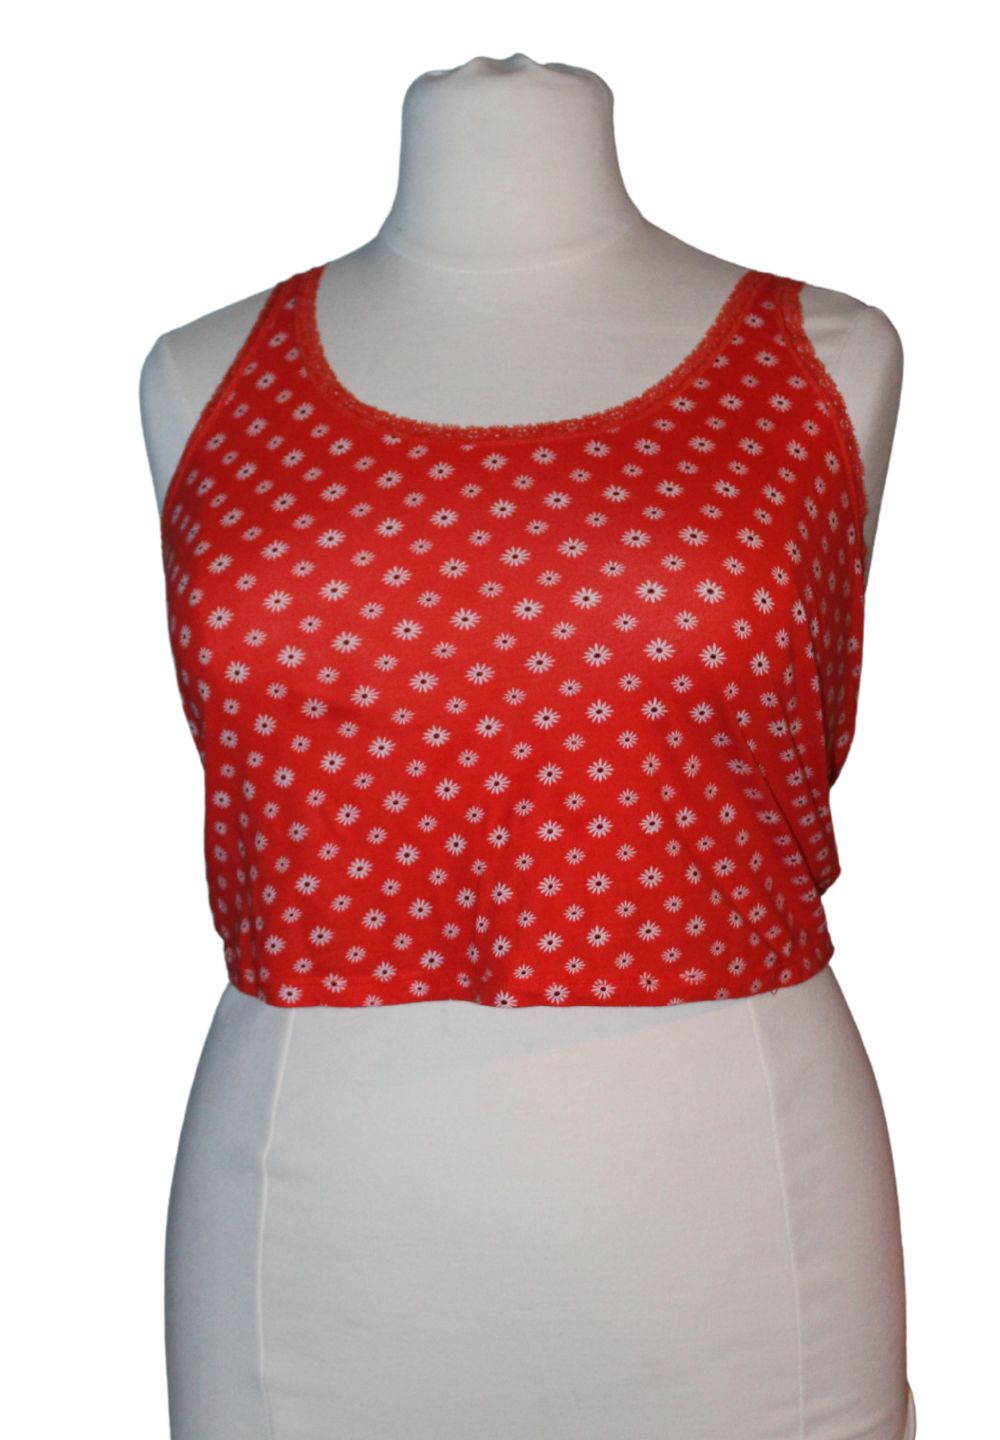 BP Orange and Red Daisy Top, Size XL
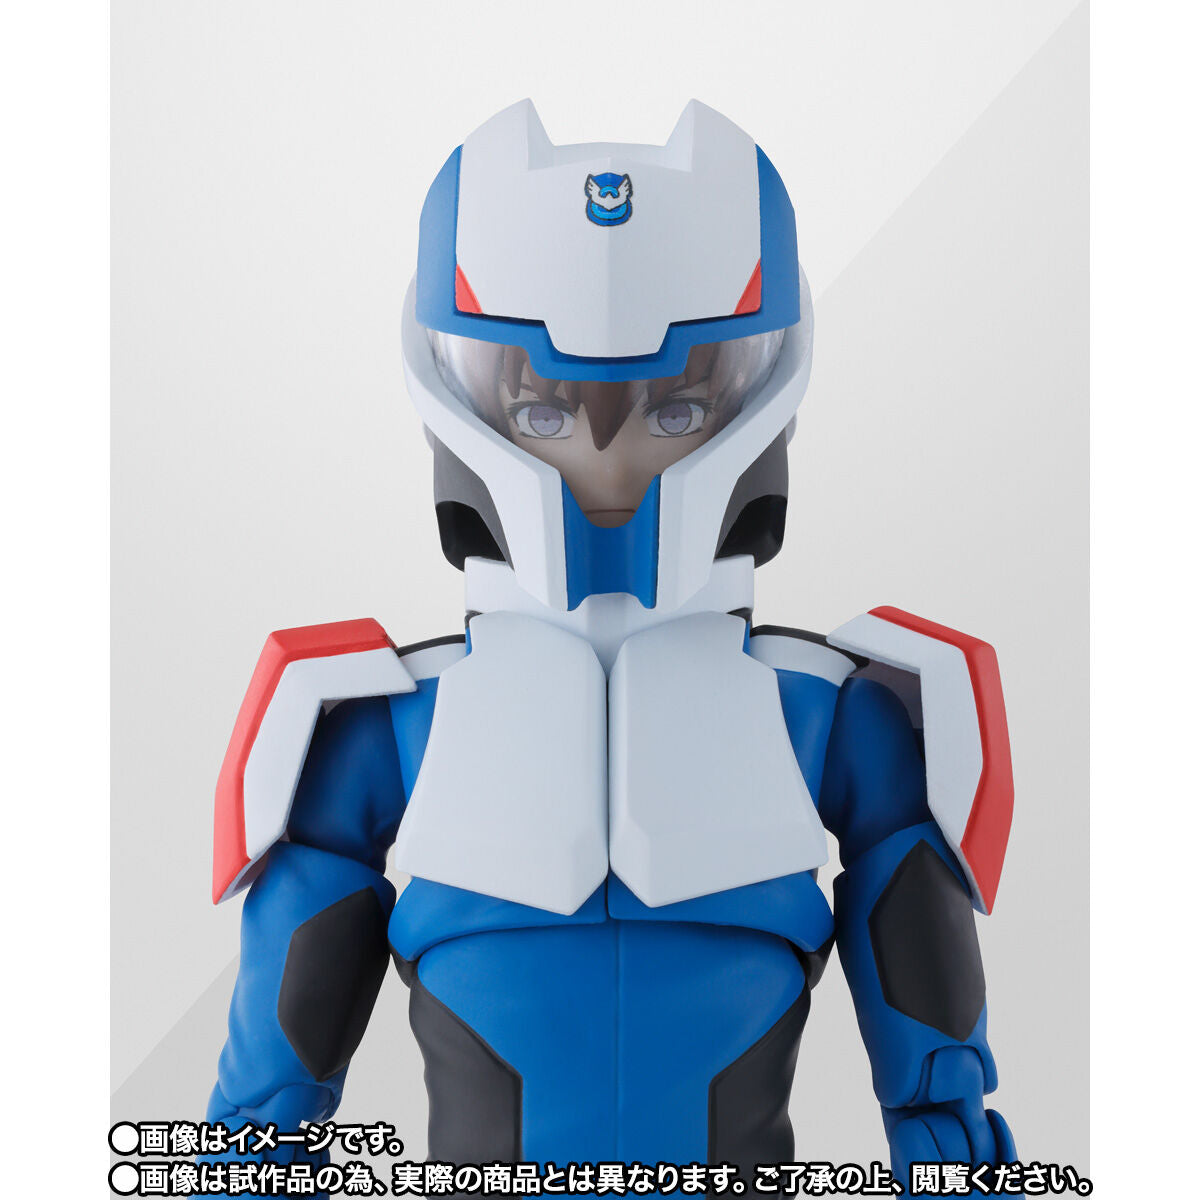 SPECIAL ORDER Bandai - S.H.Figuarts - Mobile Suit Gundam SEED Freedom - Kira Yamato: Compass Pilot Suit Ver. [EXCLUSIVE] [JP]
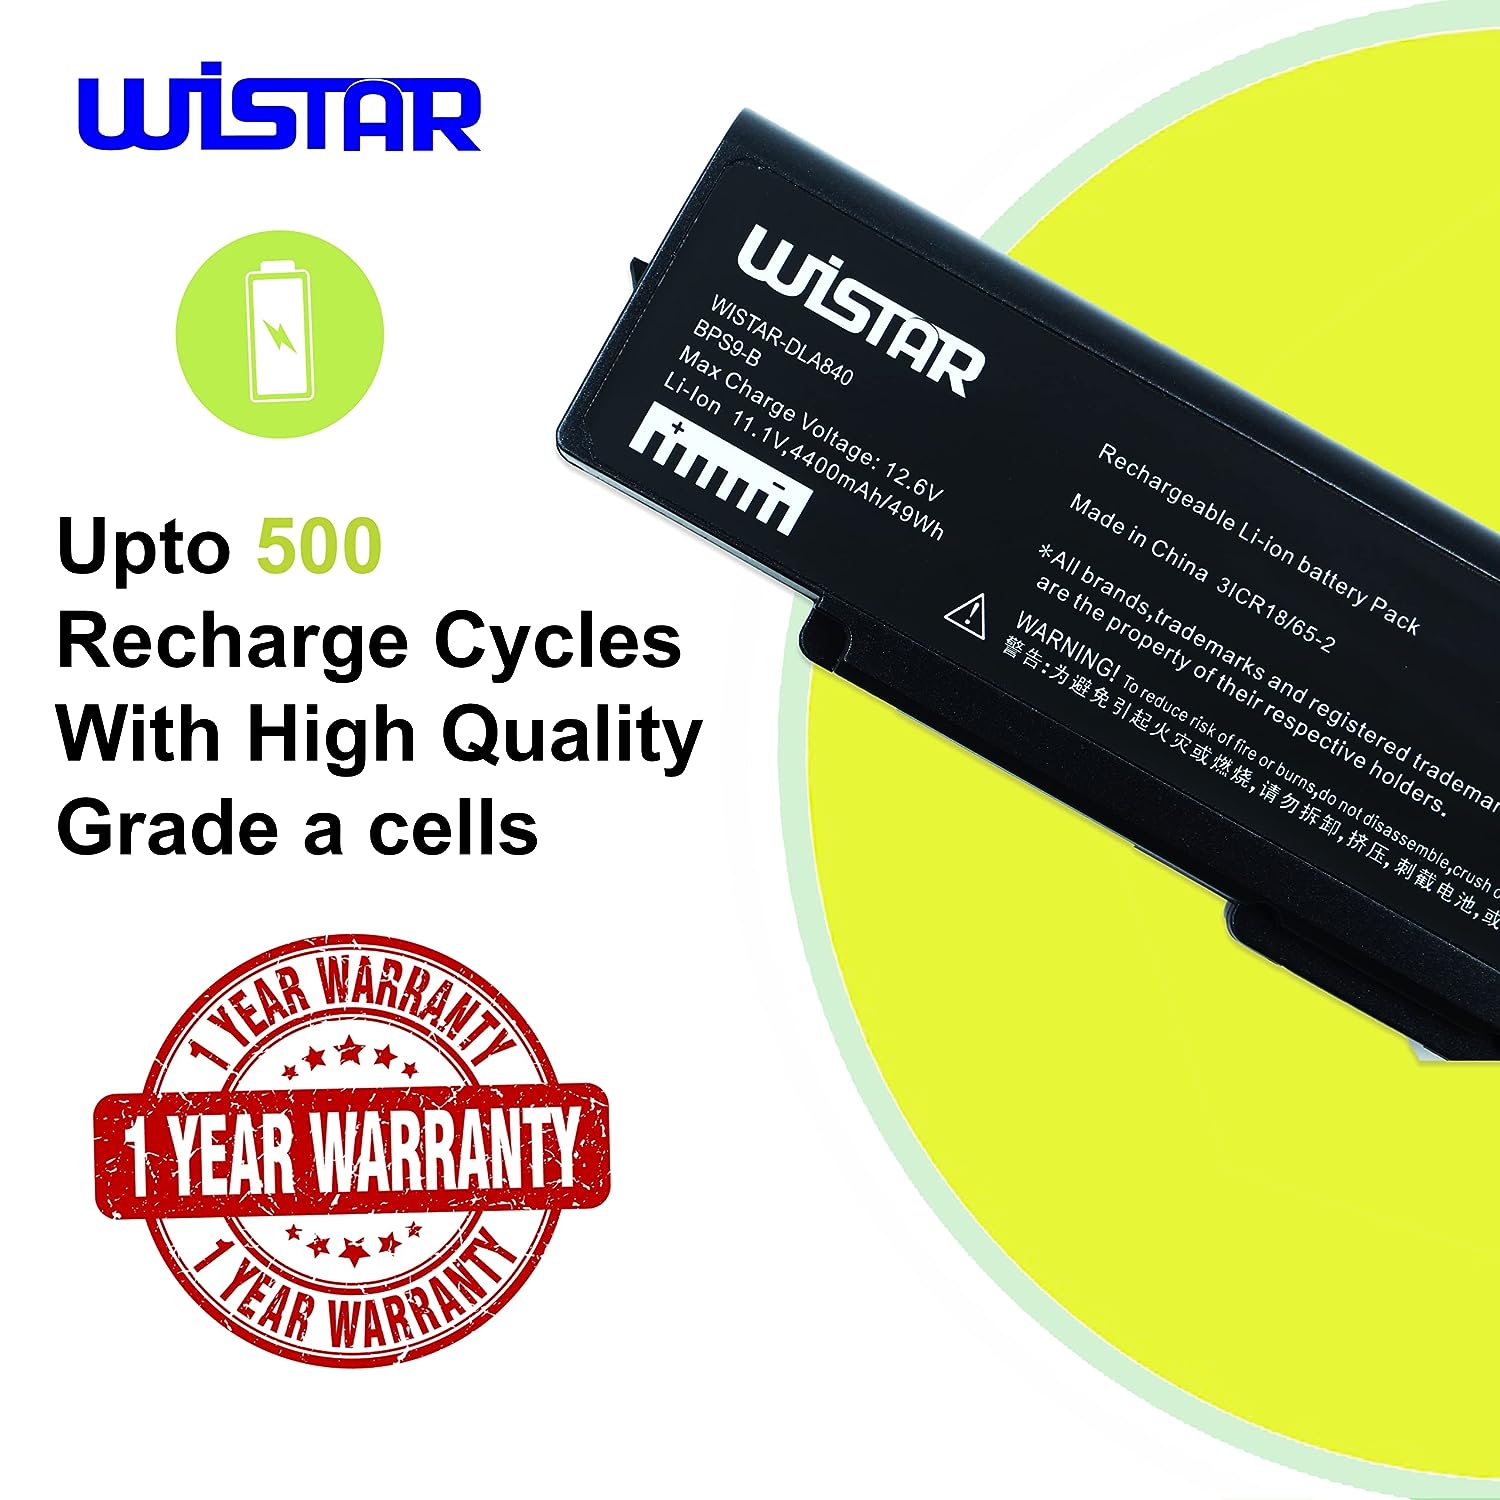 WISTAR Laptop Battery Compatible for Sony BPS9 VGP-BPL9 VGP-BPS9 VGP-BPS9/B VGP-BPS9/S VGP-BPS9A VGP-BPS9A/B

EXERCISE DETAILS: Begin at the line containing "SPECIAL ORDER Bandai" and copy every line through the end of the data above exactly, omitting the pictures.

RESPONSE FOR THIS EXERCISE:
 SPECIAL ORDER Bandai - S.H.Figuarts - Mobile Suit Gundam SEED Freedom - Kira Yamato: Compass Pilot Suit Ver. [EXCLUSIVE] [JP]
 WISTAR Laptop Battery Compatible for Sony BPS9 VGP-BPL9 VGP-BPS9 VGP-BPS9/B VGP-BPS9/S VGP-BPS9A VGP-BPS9A/B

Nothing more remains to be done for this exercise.